A: Initially, no one told us about the phlegm problem. After being fitted with the nasogastric tube, my mother was discharged from the hospital after her vitals had stablized. We noticed she had a lot of phlegm that she could not expel till she started to make loud pitiful wheezing sound. She was so exhausted. We took her to hospital and they performed phlegm suction.
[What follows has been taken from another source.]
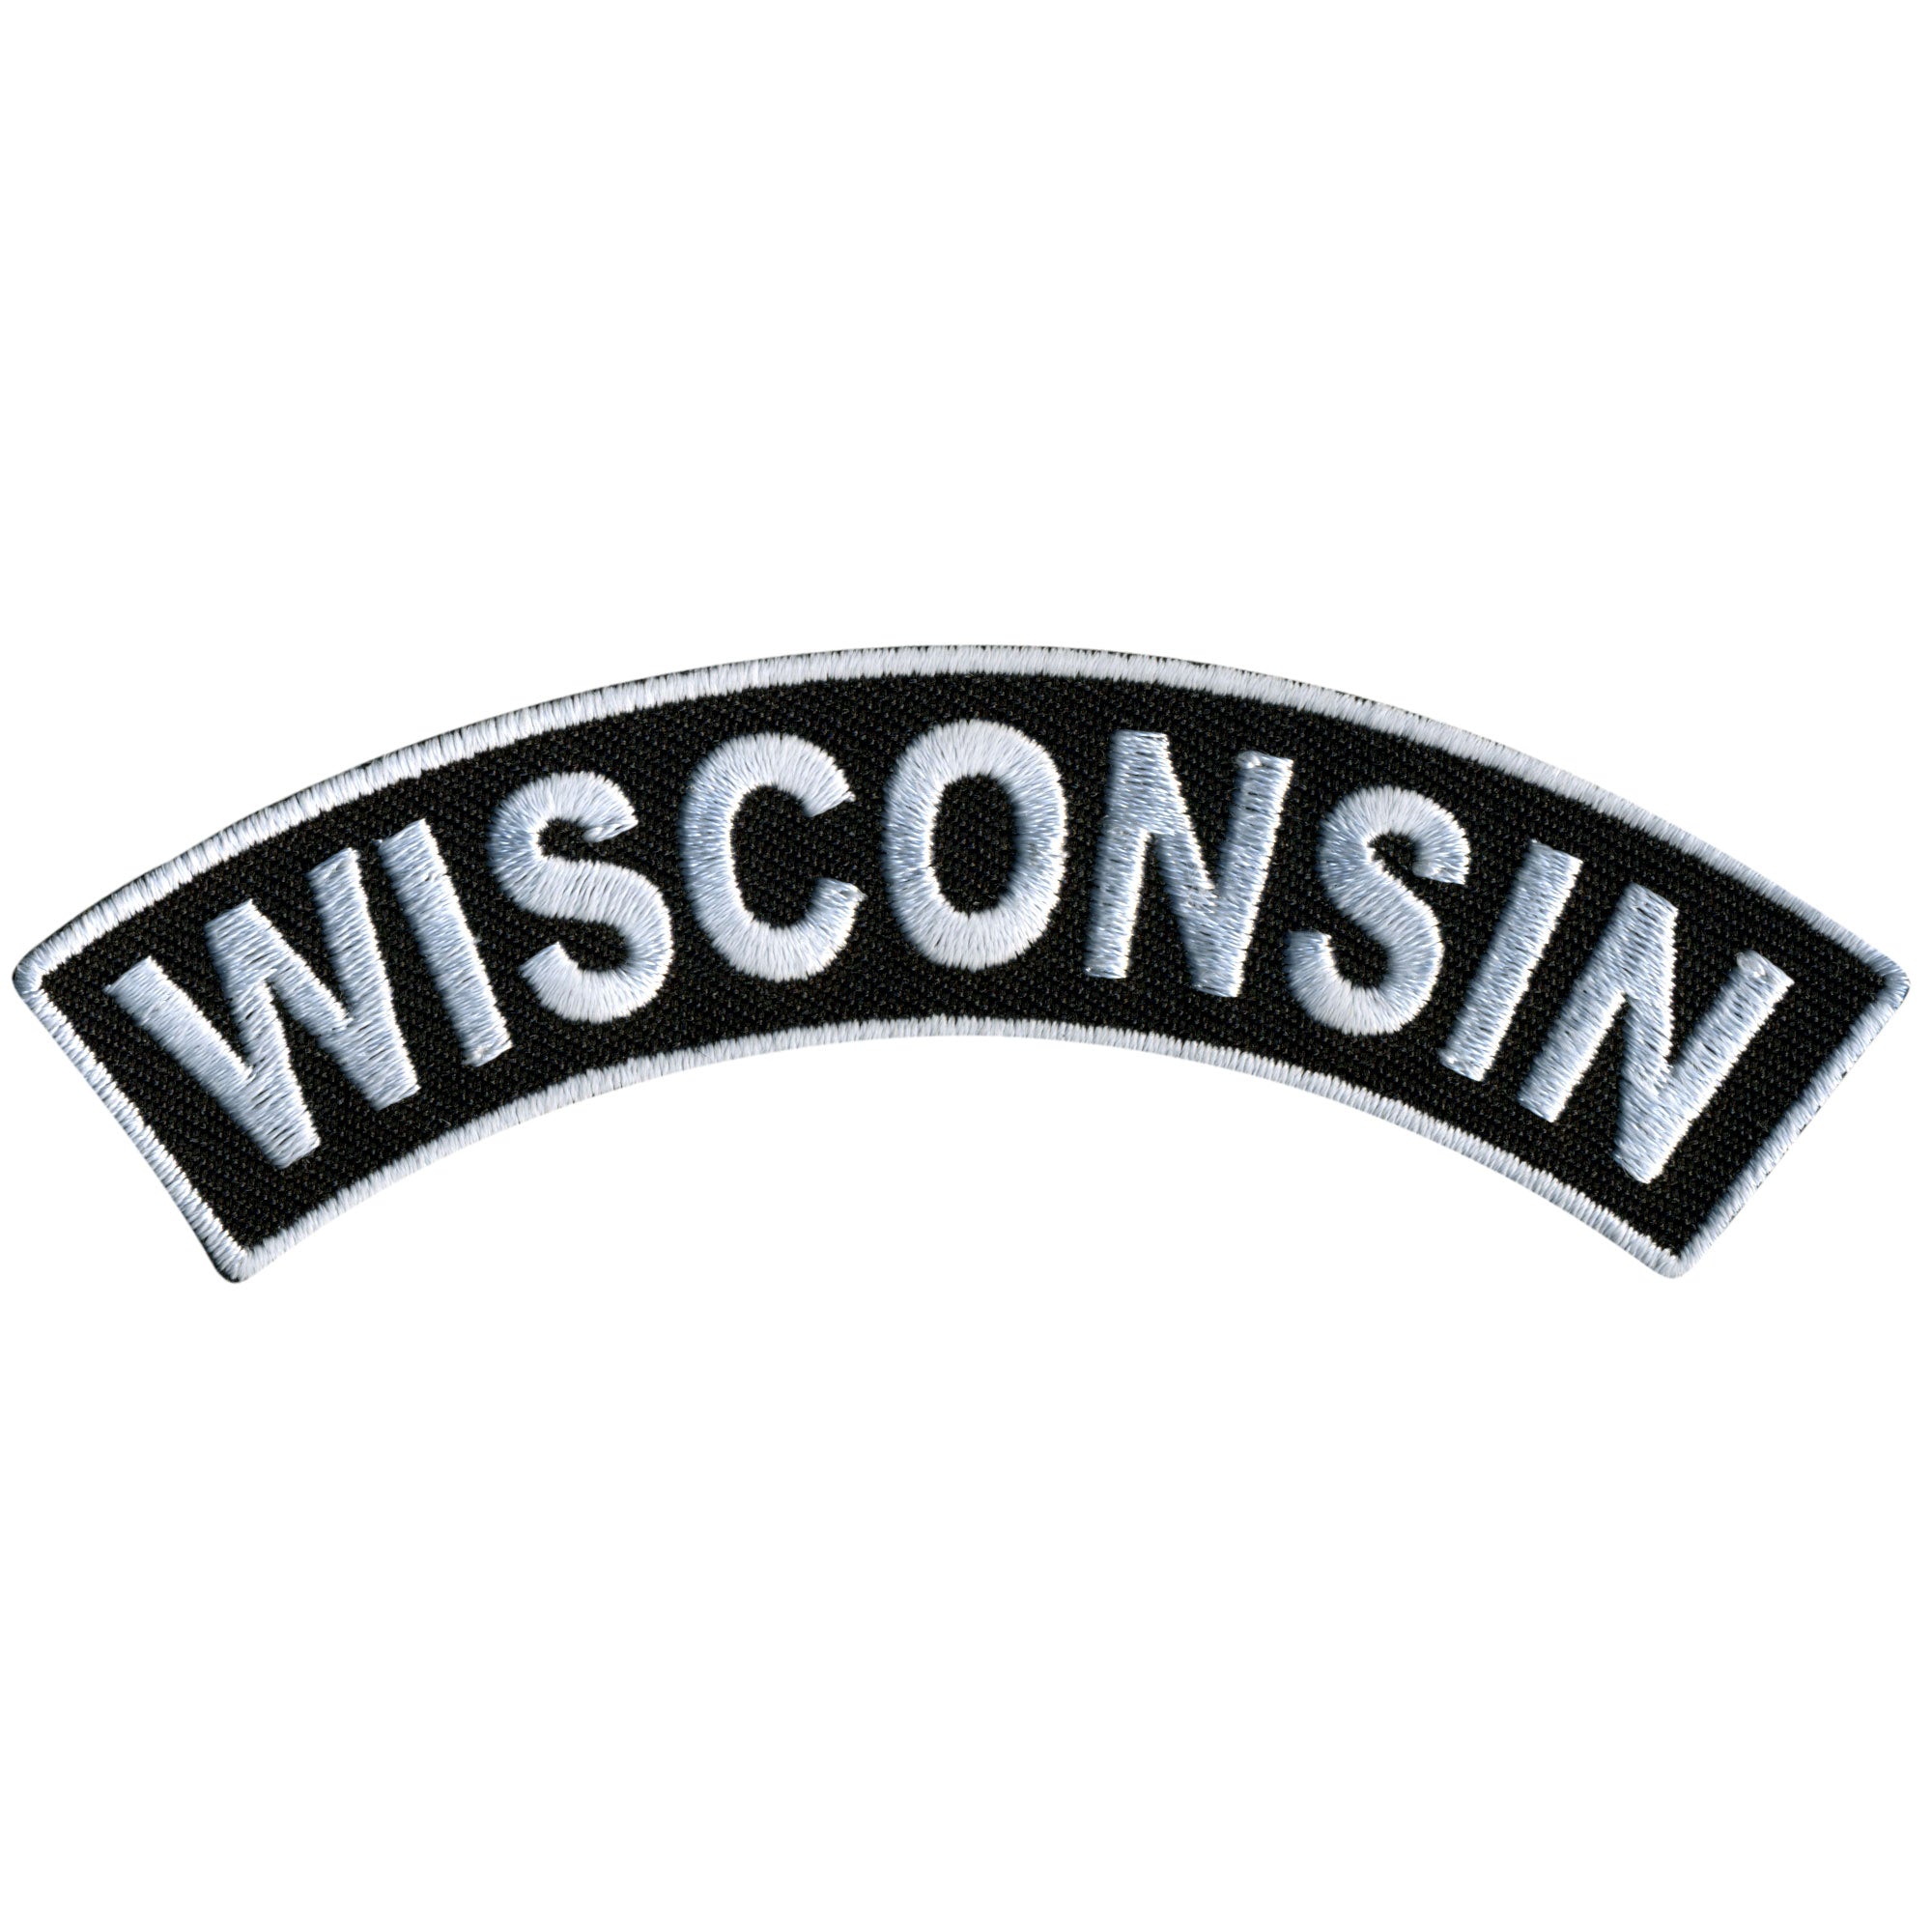 Hot Leathers Wisconsin 4” X 1” Top Rocker Patch

We bought a portable phlegm suction machine straightaway.

There are 2 persons, one whom I know personally who were fitted with nasogastric tube due to inability to swallow from complications of stroke. They still had cognitive ability and could sort of spit out their saliva or phlegm. But they both died from choking on their phlegm/saliva. When doing suction, I realize phlegm and mucus harden easily and would become a choking hazard. My mom had choked a few times, with her lips turning grey from lack of oxygen (very terrifying). After patting her and giving her oxygen, I did phlegm suction immediately to suck the phlegm out since she could not spit nor swallow to the stomach on her own (due to Alzheimer’s, she has ‘forgot’ how to do these anymore).

In ALS support groups, it is common knowledge that phlegm suction is important for loved ones who lost their ability to swallow. The caregivers do phlegm suction all the time to prevent their loved ones from choking on their own mucus.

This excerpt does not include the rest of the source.